> **ACTIVITY**
From the line that holds "Page three of newsletter" to the last line below, retype everything exactly and nothing else; omit pictures.

> **PROVIDED MATERIAL**
========================

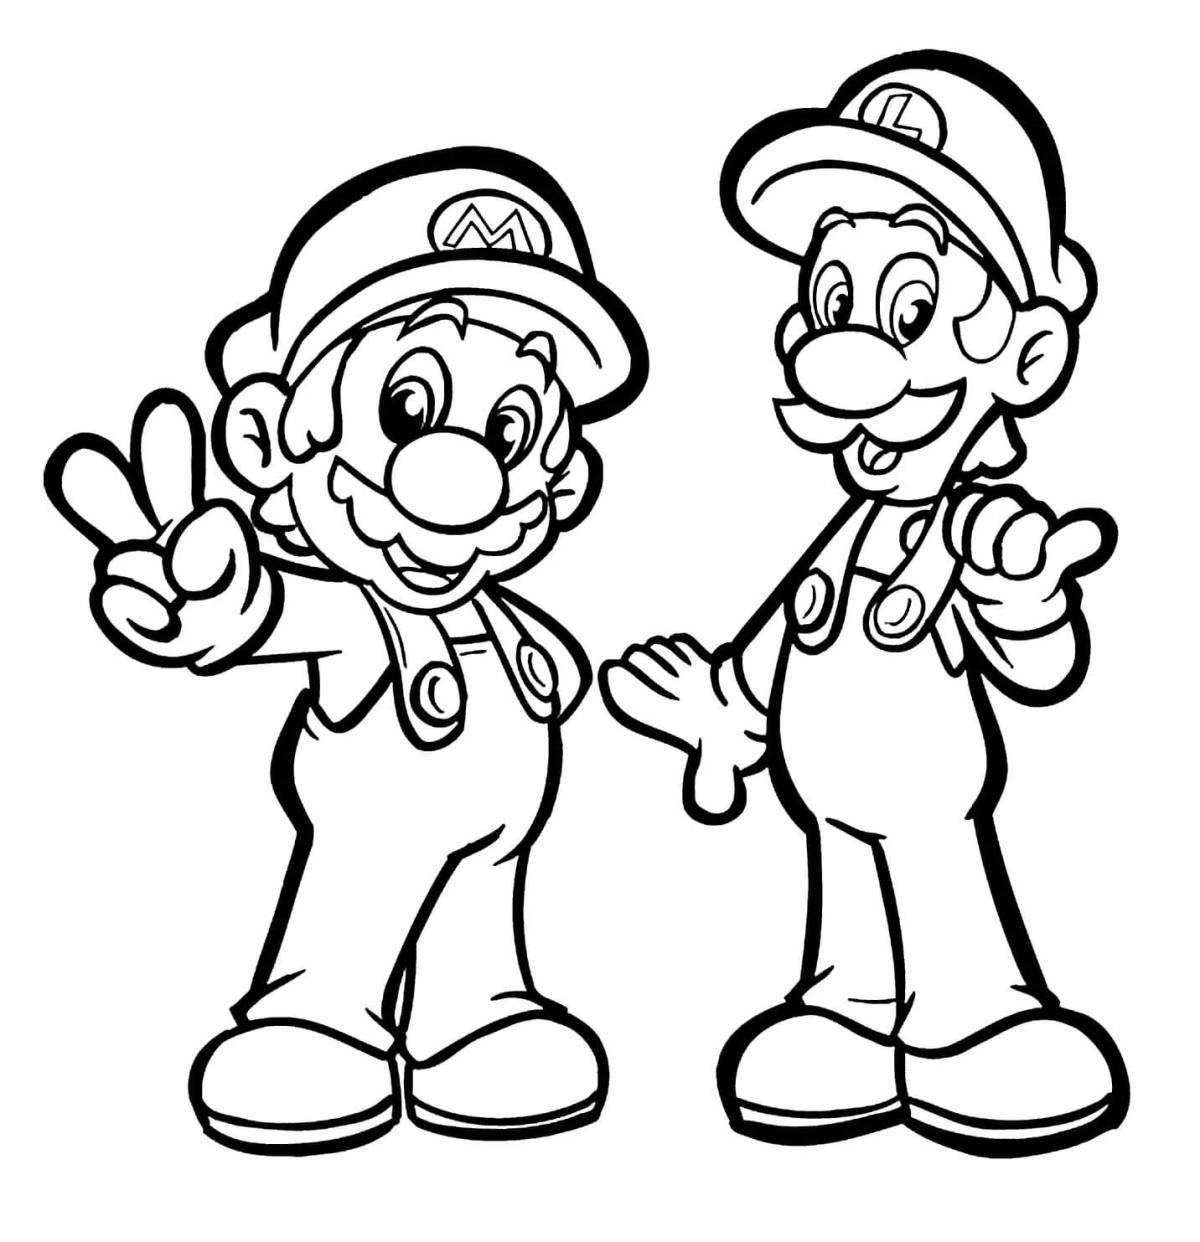 Outstanding luigi and mario coloring pages
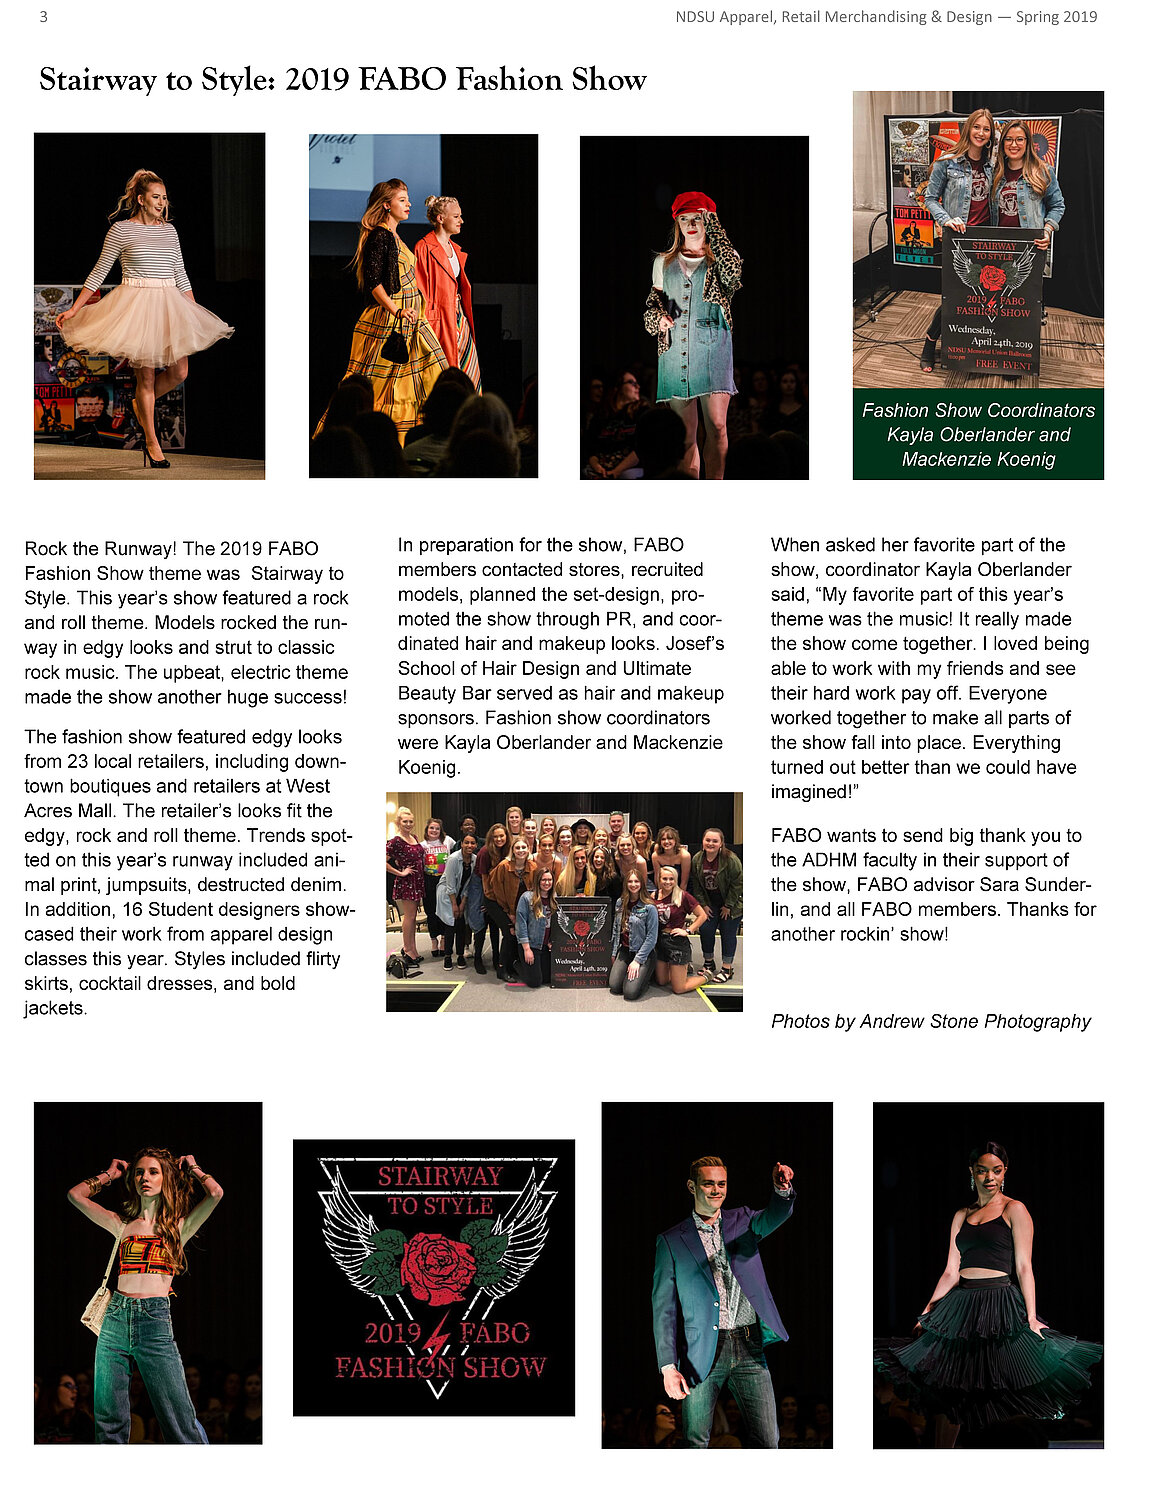 Page three of newsletter
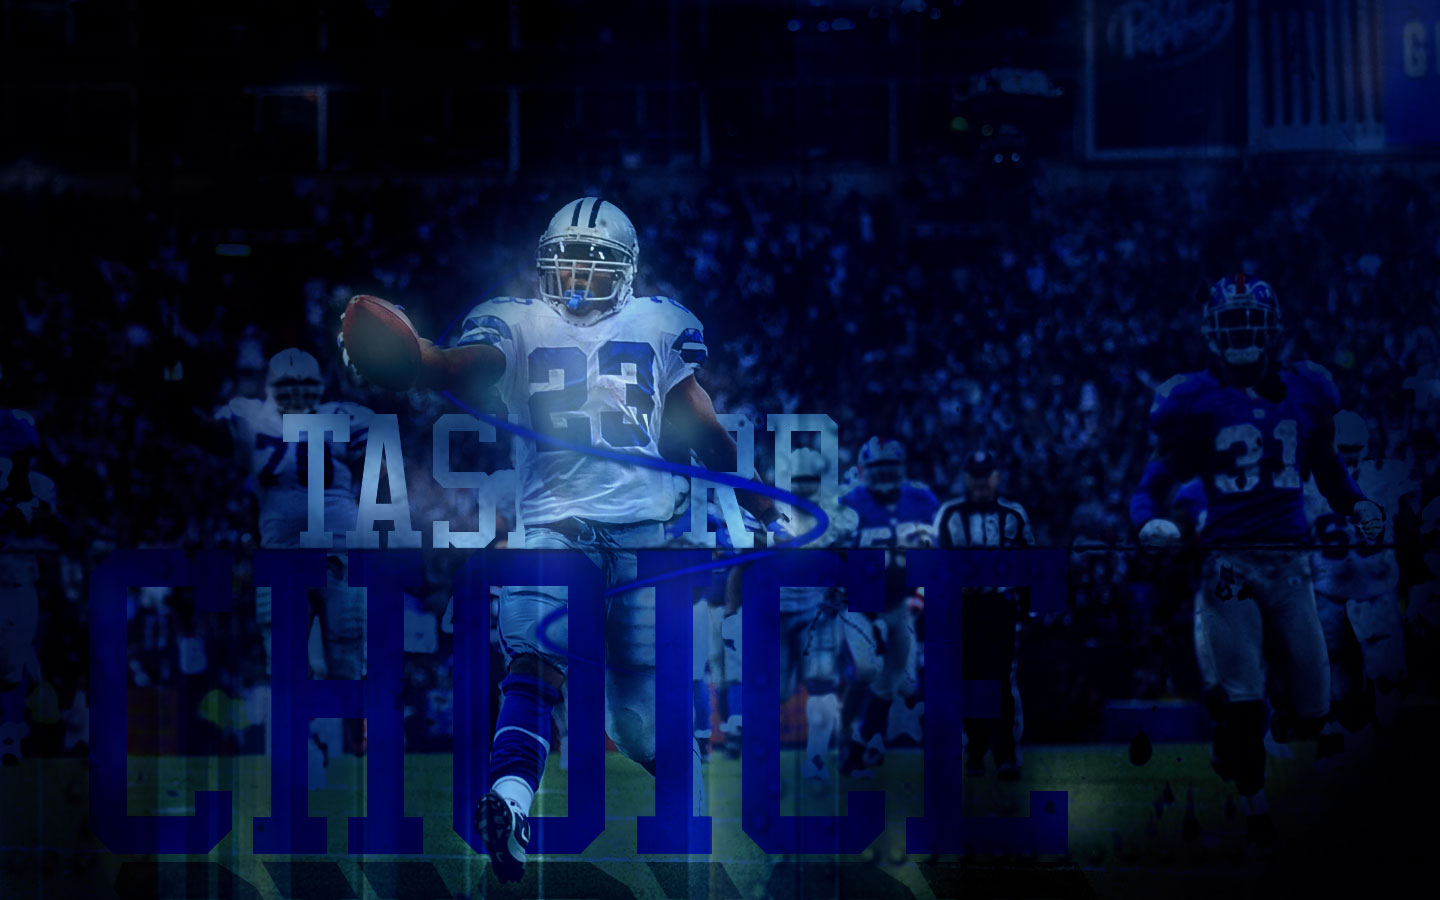 An Awesome Image Of Dallas Cowboys Wallpaper Alhomat Magz
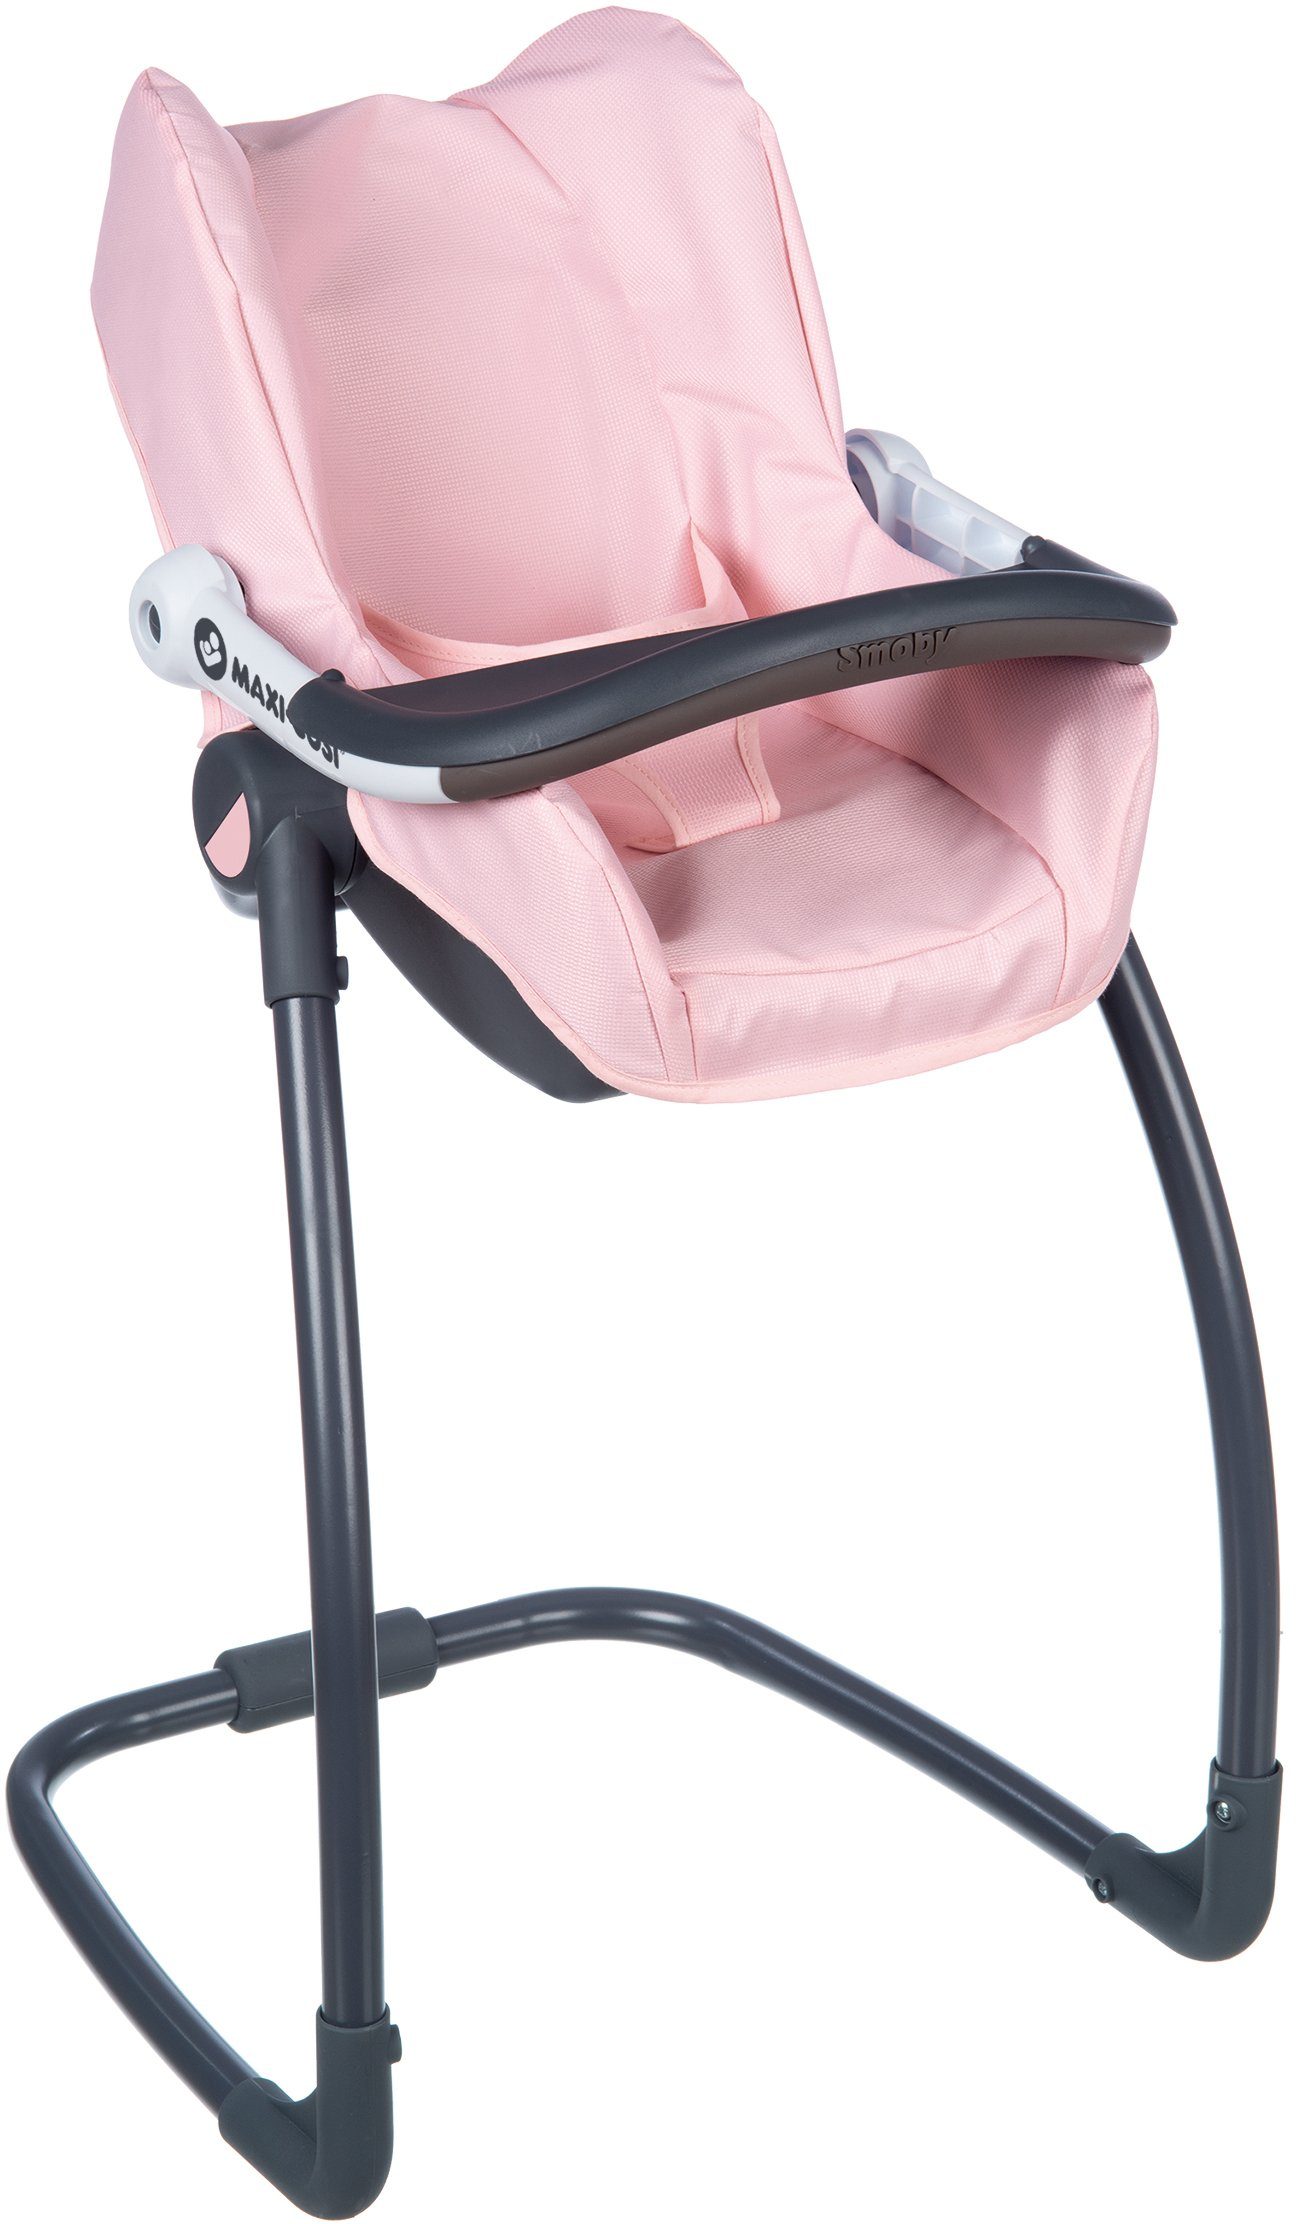 Smoby Puppenhochstuhl Maxi-Cosi Made Europe in 3in1

========================

> **SOLUTION BELOW**
 Page three of newsletter
 An Awesome Image Of Dallas Cowboys Wallpaper Alhomat Magz
 Smoby Puppenhochstuhl Maxi-Cosi Made Europe in 3in1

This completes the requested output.